→ Problem description: Would you print the data below exactly, leaving out every picture?

→ Data excerpt:

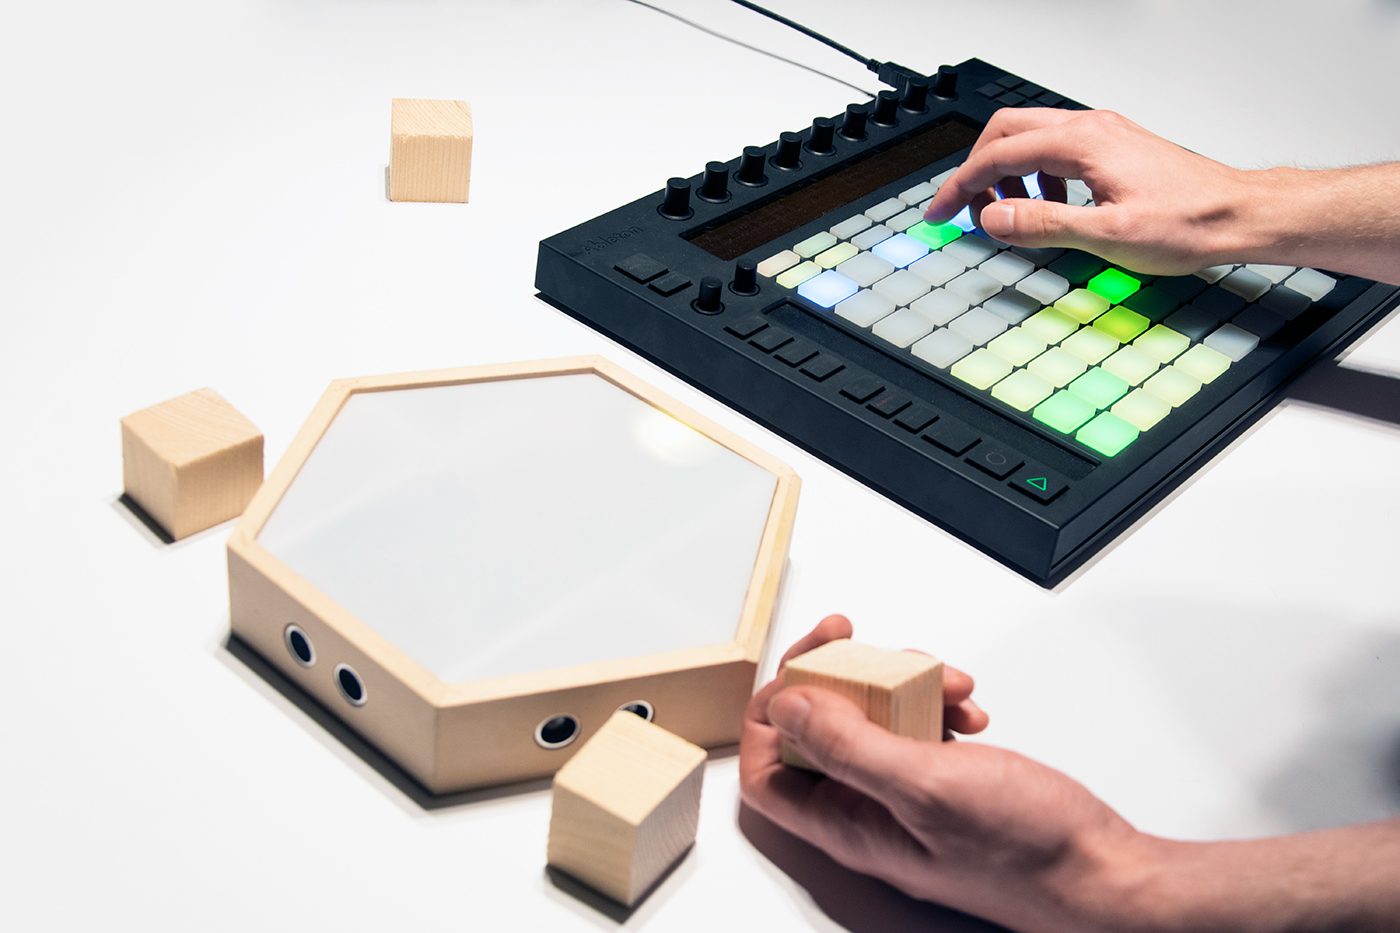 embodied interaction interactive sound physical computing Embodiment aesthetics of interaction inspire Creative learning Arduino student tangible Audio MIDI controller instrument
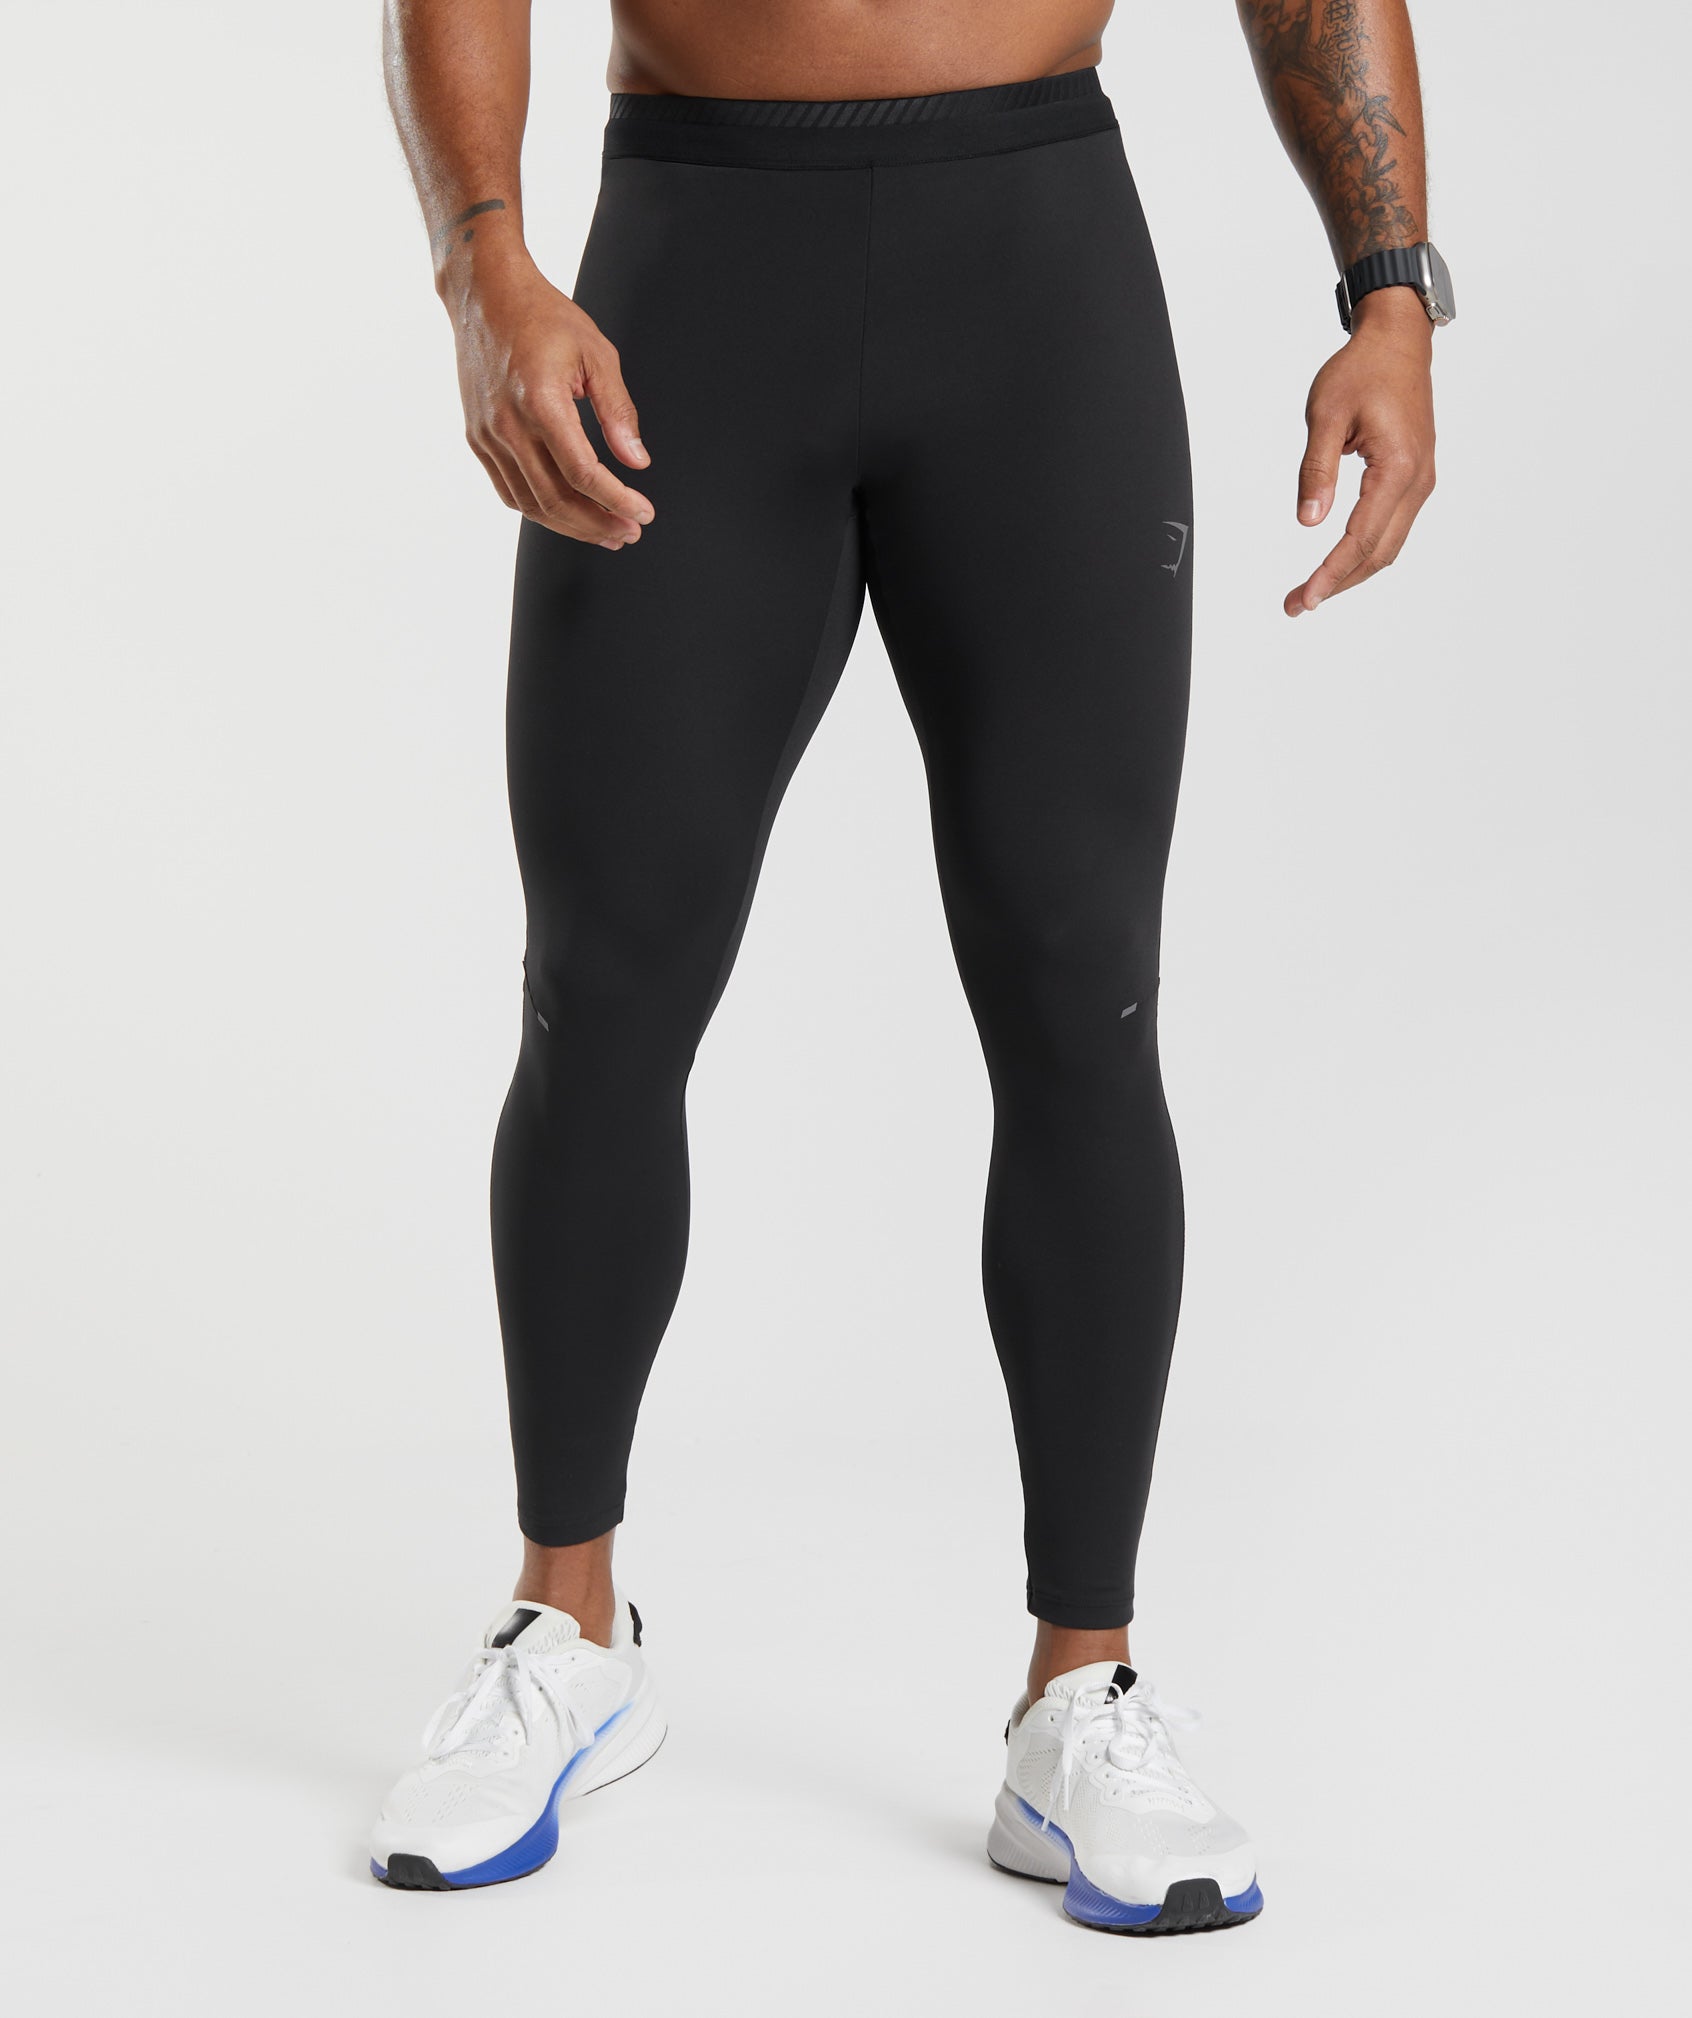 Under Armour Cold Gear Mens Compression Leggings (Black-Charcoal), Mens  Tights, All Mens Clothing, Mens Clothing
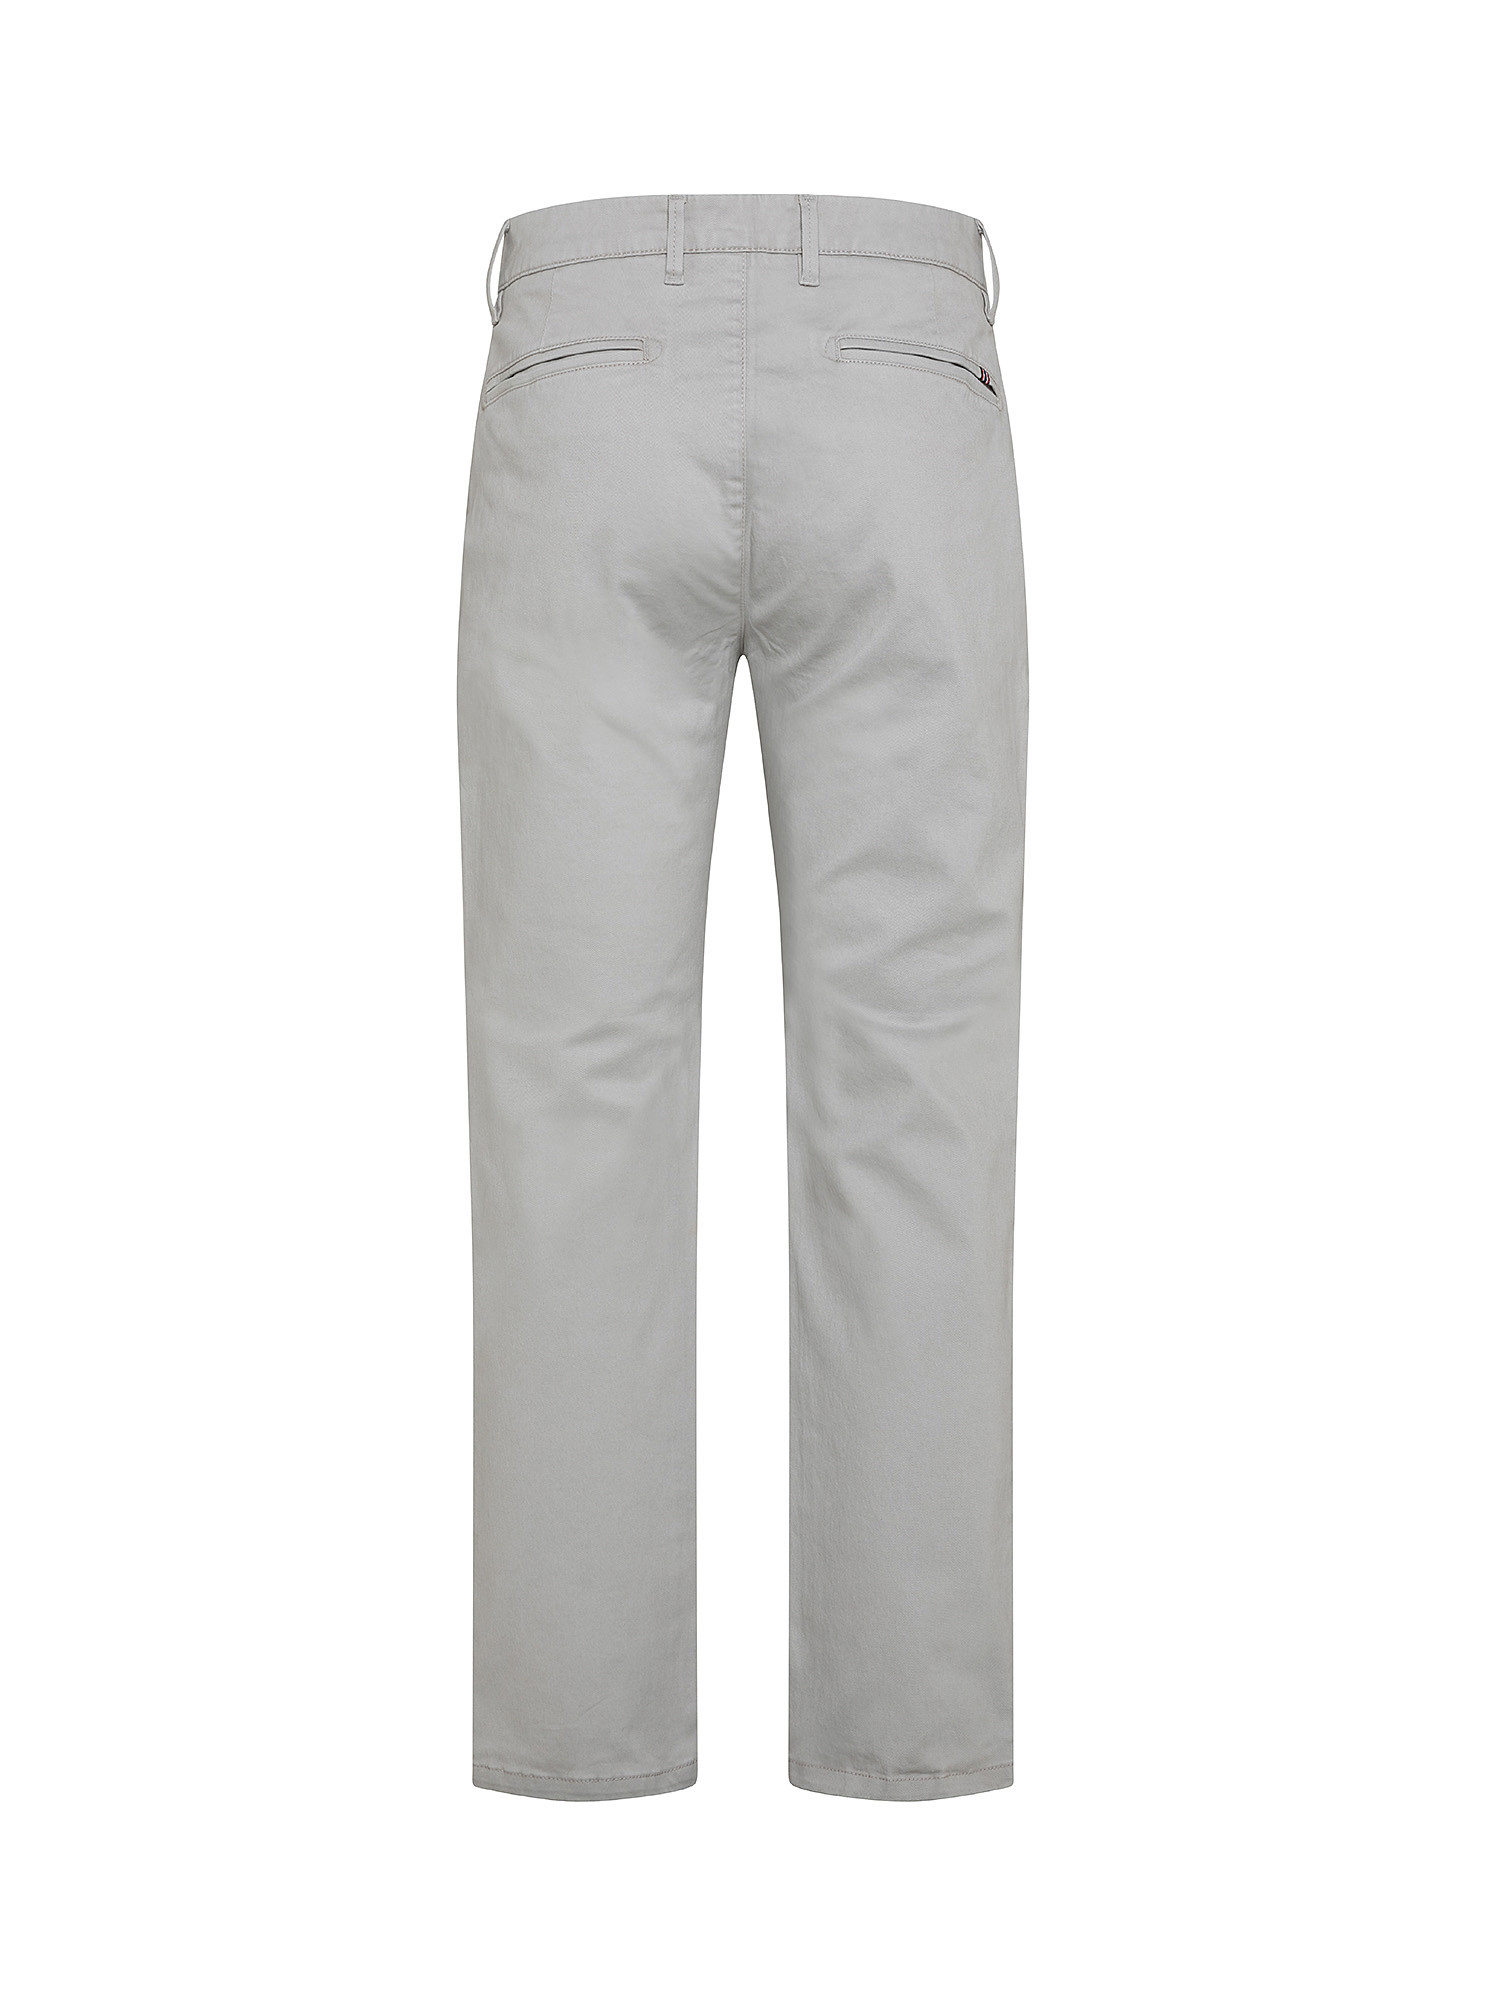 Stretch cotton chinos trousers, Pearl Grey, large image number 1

→ Your solution:
 embodied interaction interactive sound physical computing Embodiment aesthetics of interaction inspire Creative learning Arduino student tangible Audio MIDI controller instrument
 Under Armour Cold Gear Mens Compression Leggings (Black-Charcoal), Mens  Tights, All Mens Clothing, Mens Clothing
 Stretch cotton chinos trousers, Pearl Grey, large image number 1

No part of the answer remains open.